Everything from the line containing "Guess Clutch Purse" down to the last line below should be set down exactly, and only that, without the pictures.

### Supplied information
+ + + + +

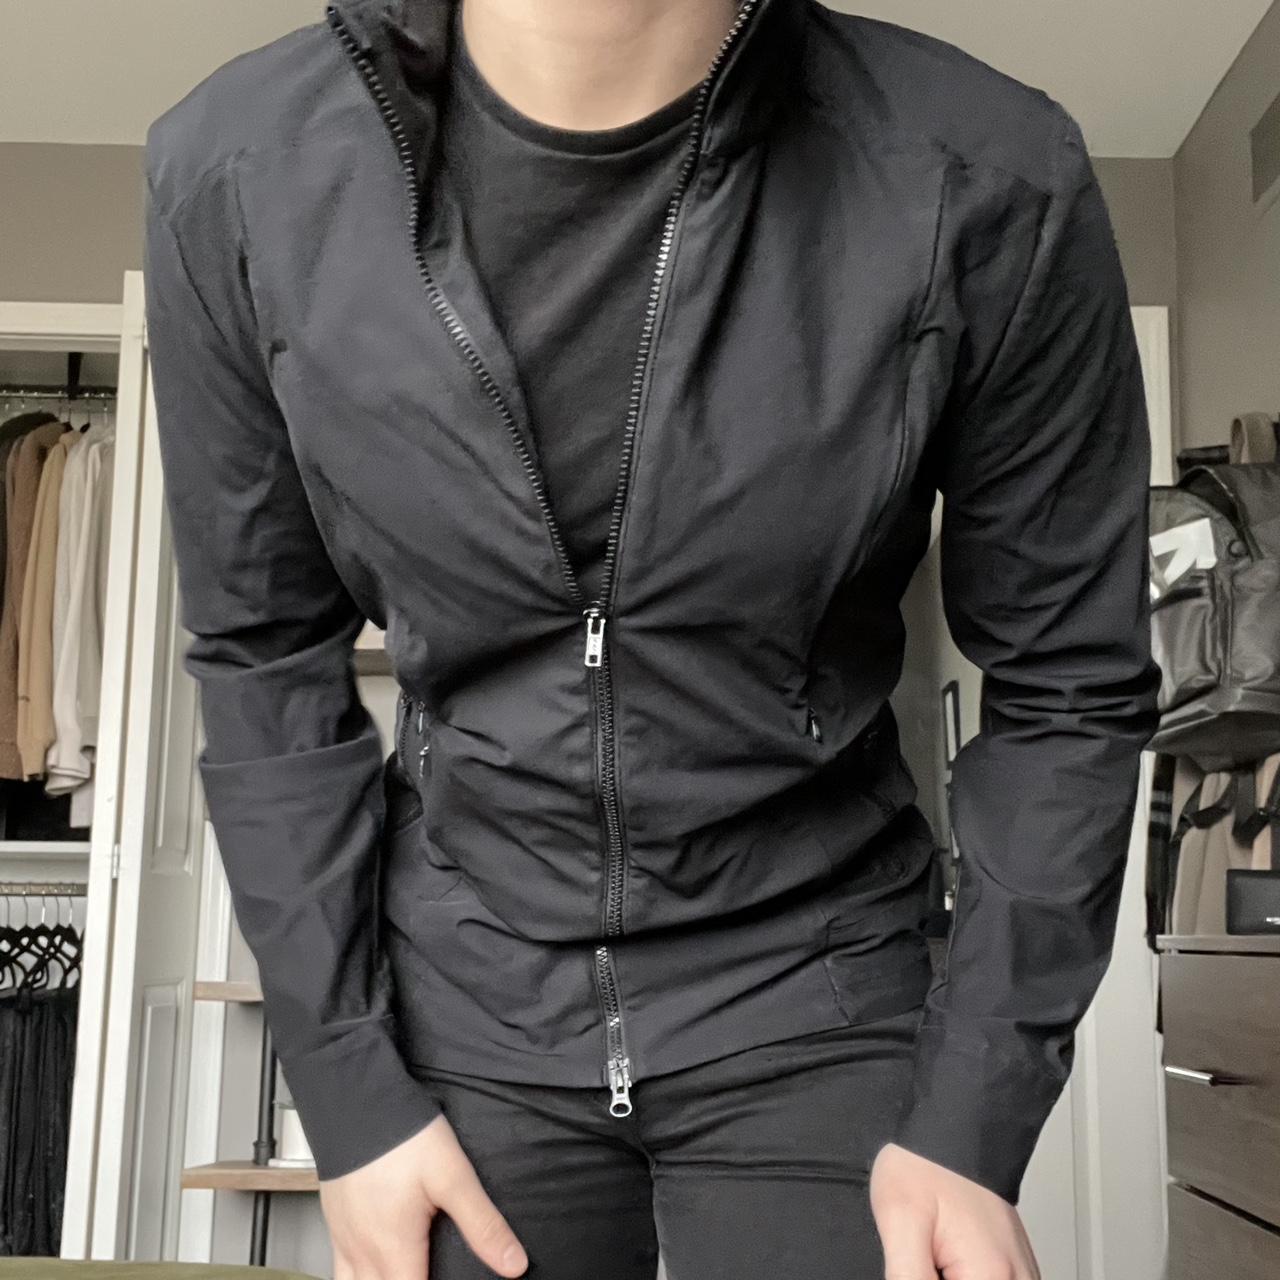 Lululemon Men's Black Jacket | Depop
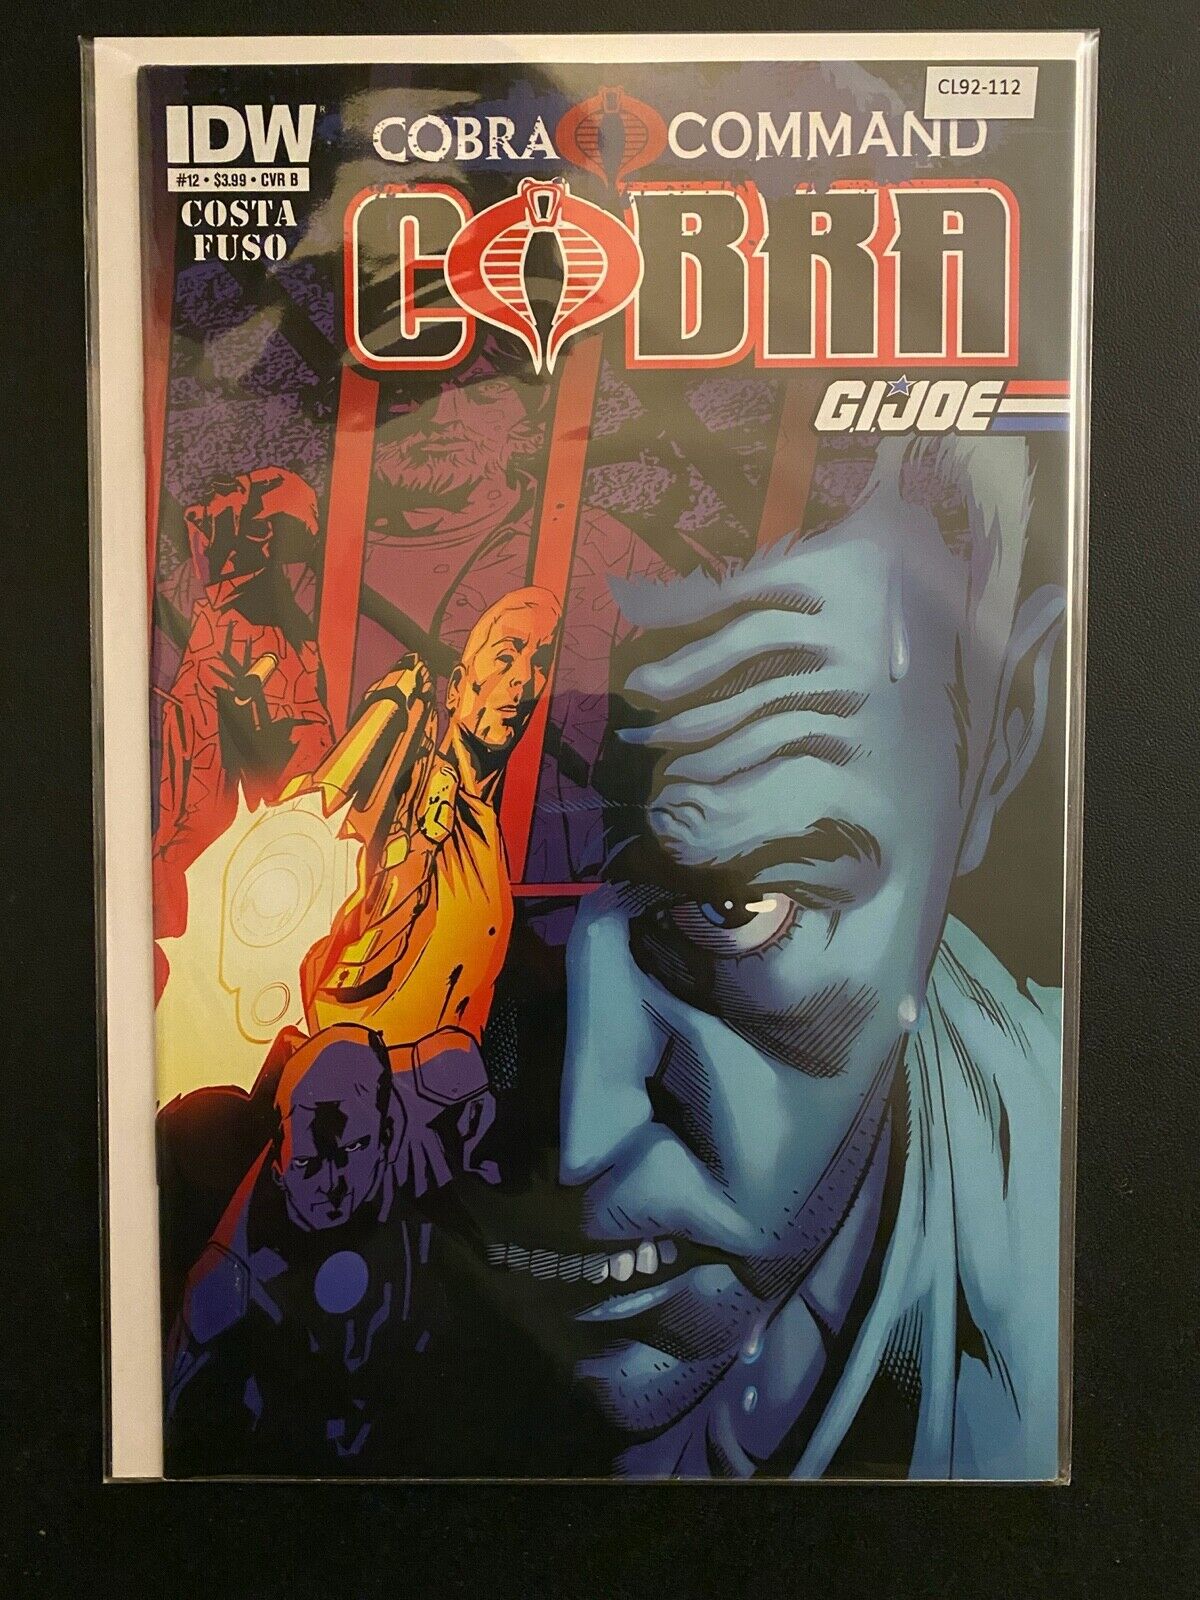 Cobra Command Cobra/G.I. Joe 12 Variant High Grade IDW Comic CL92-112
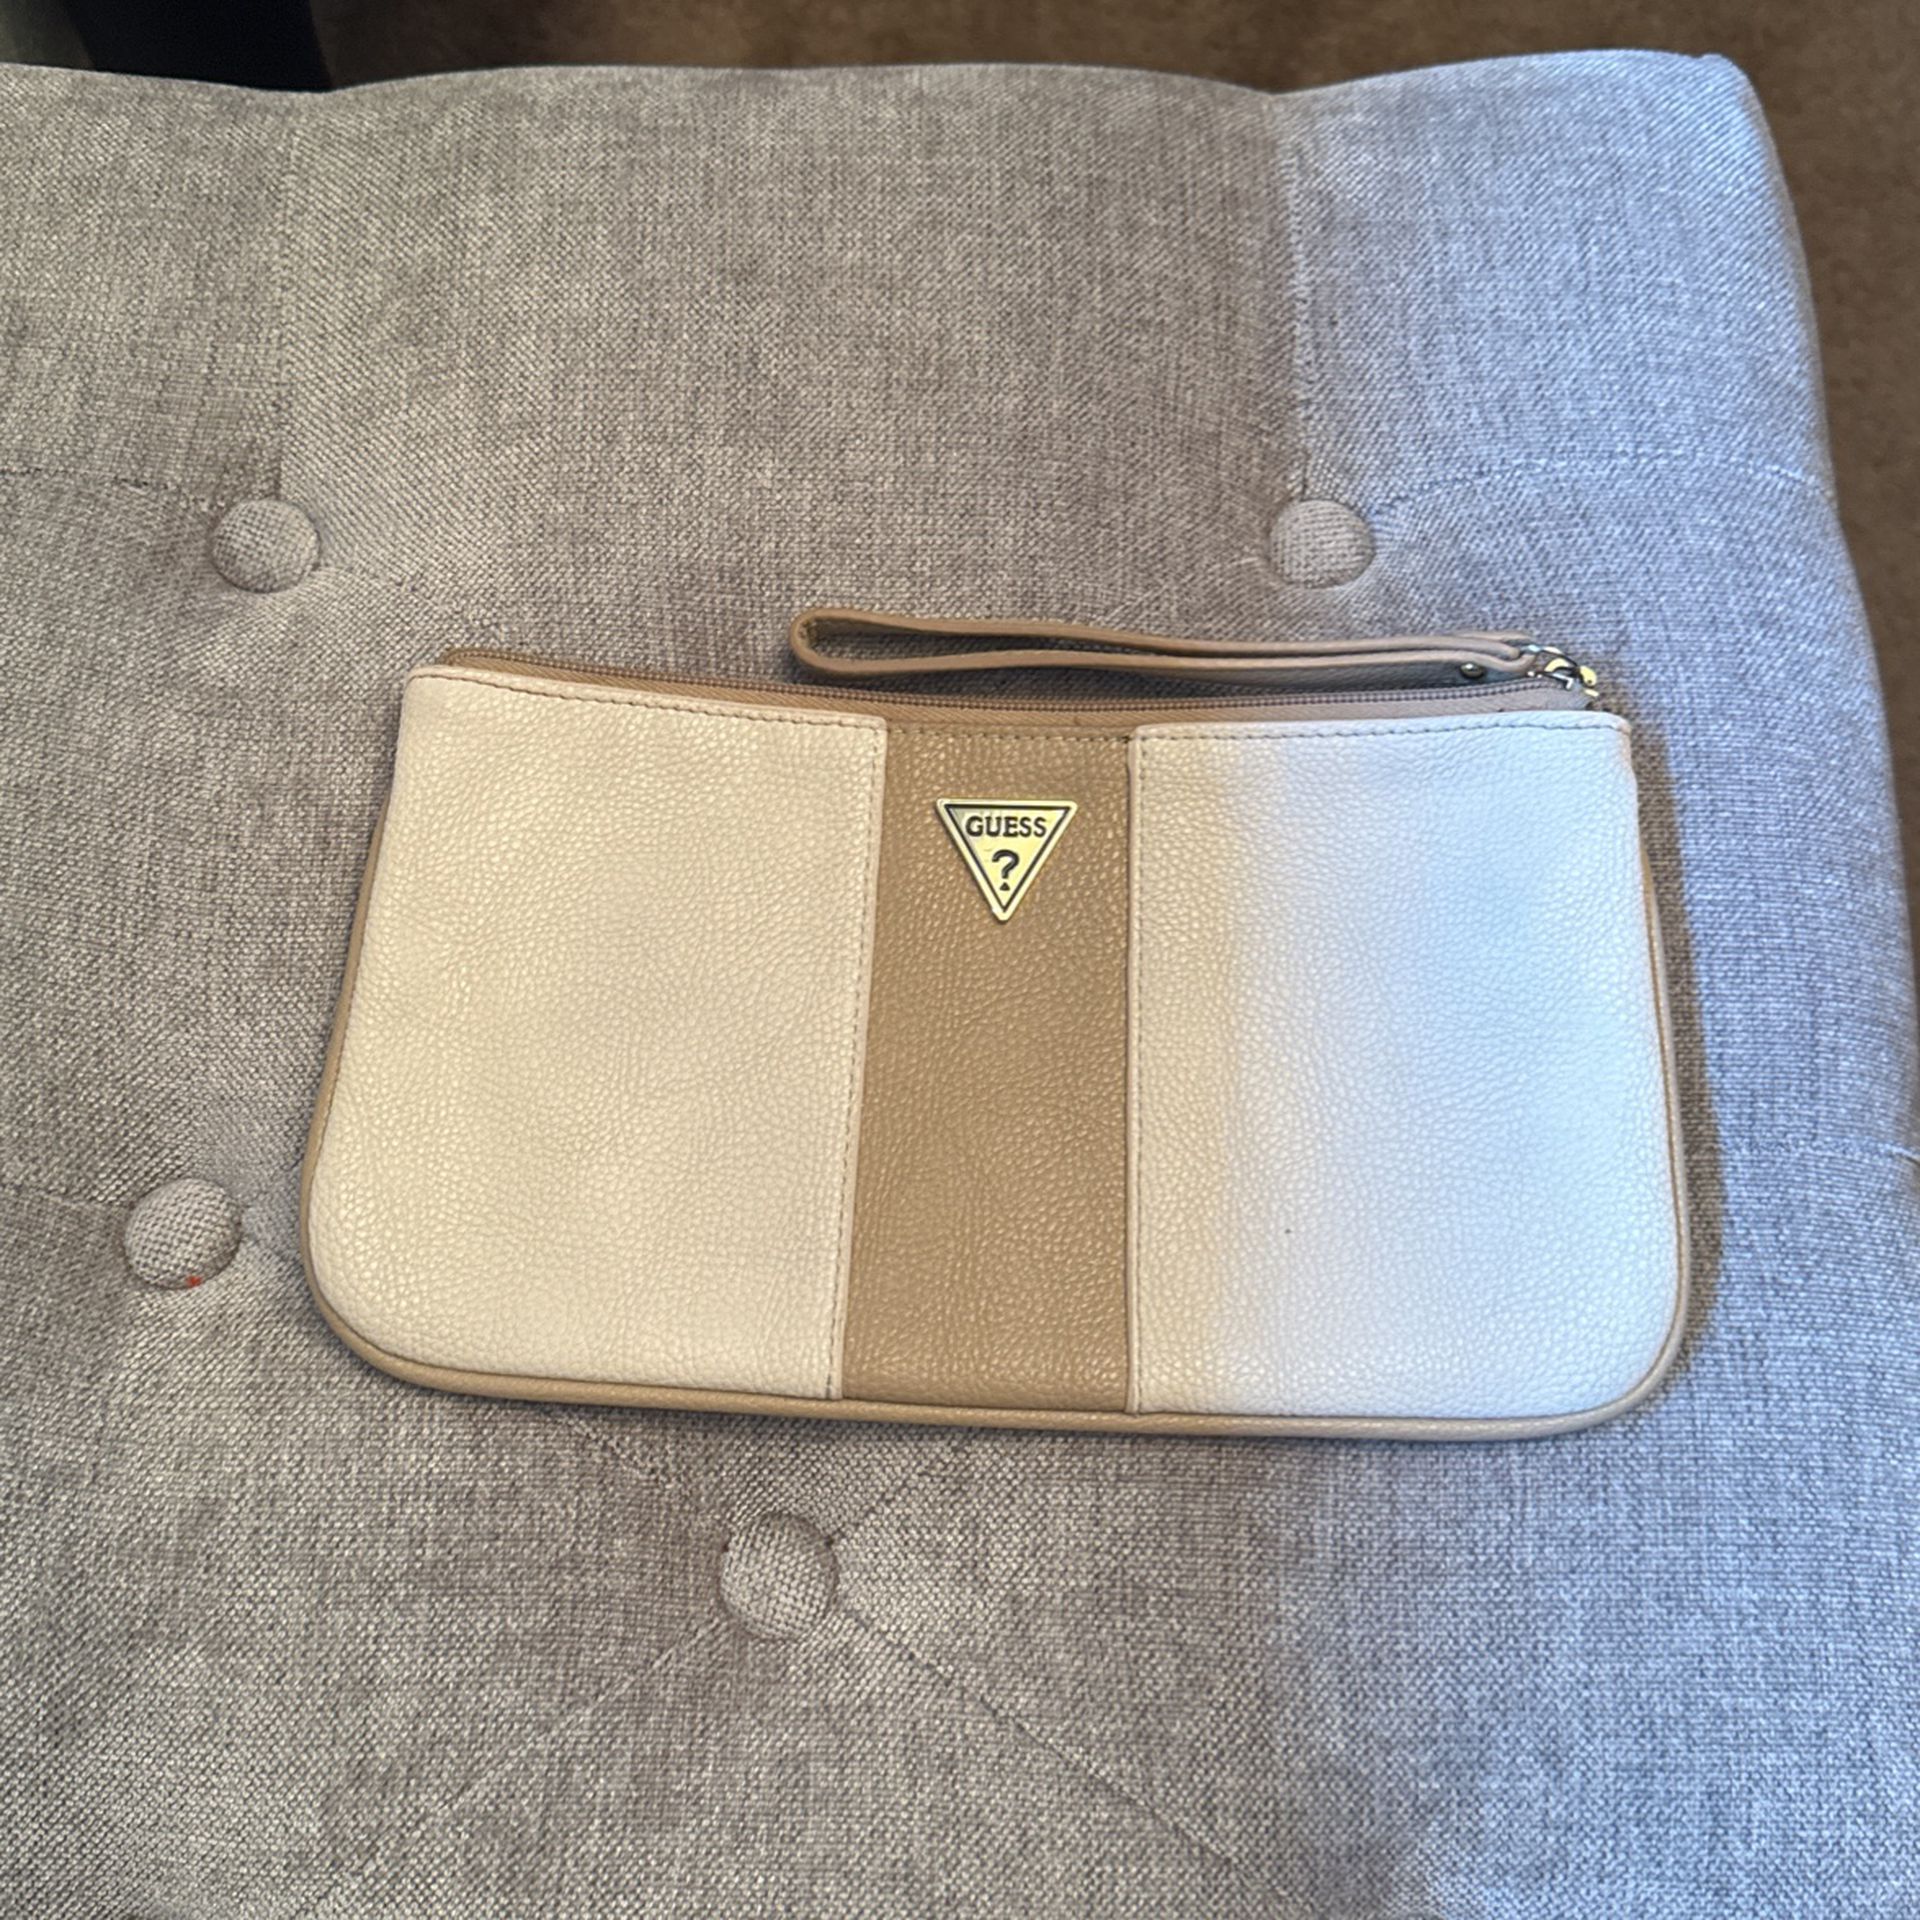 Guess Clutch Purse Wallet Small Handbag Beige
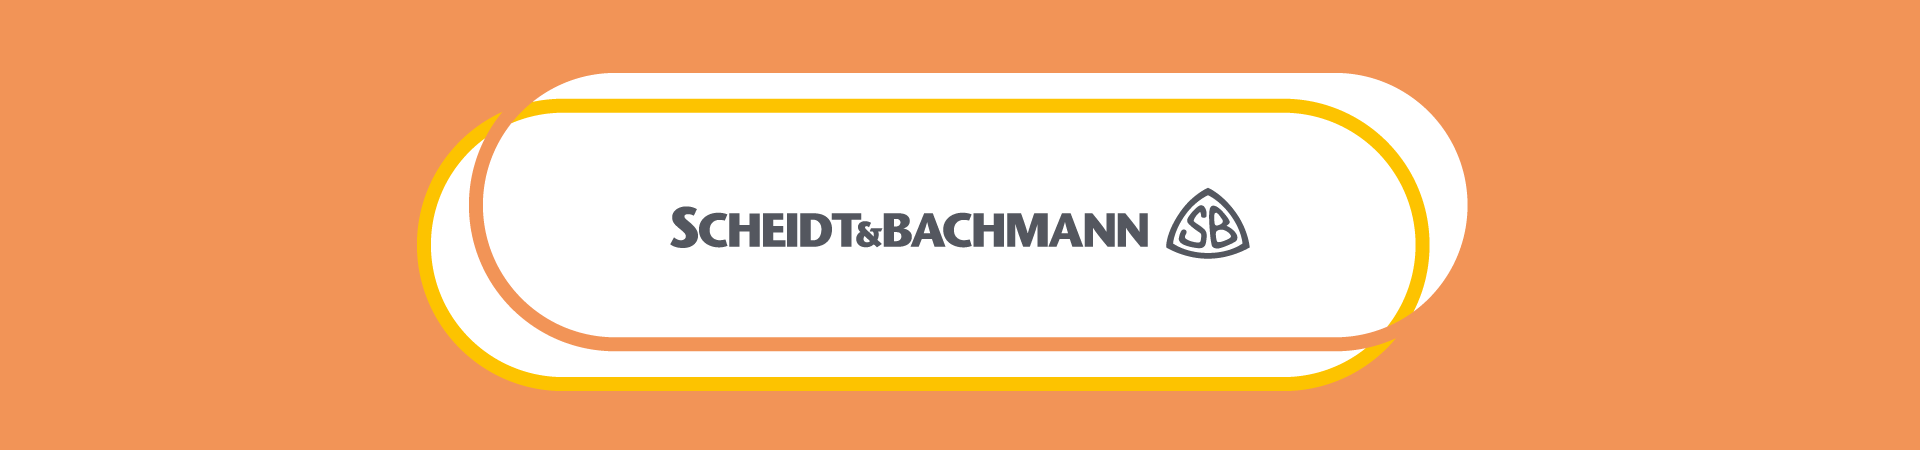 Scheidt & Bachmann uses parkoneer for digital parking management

+ + + + +

### Answer for this exercise
 Guess Clutch Purse Wallet Small Handbag Beige
 Scheidt & Bachmann uses parkoneer for digital parking management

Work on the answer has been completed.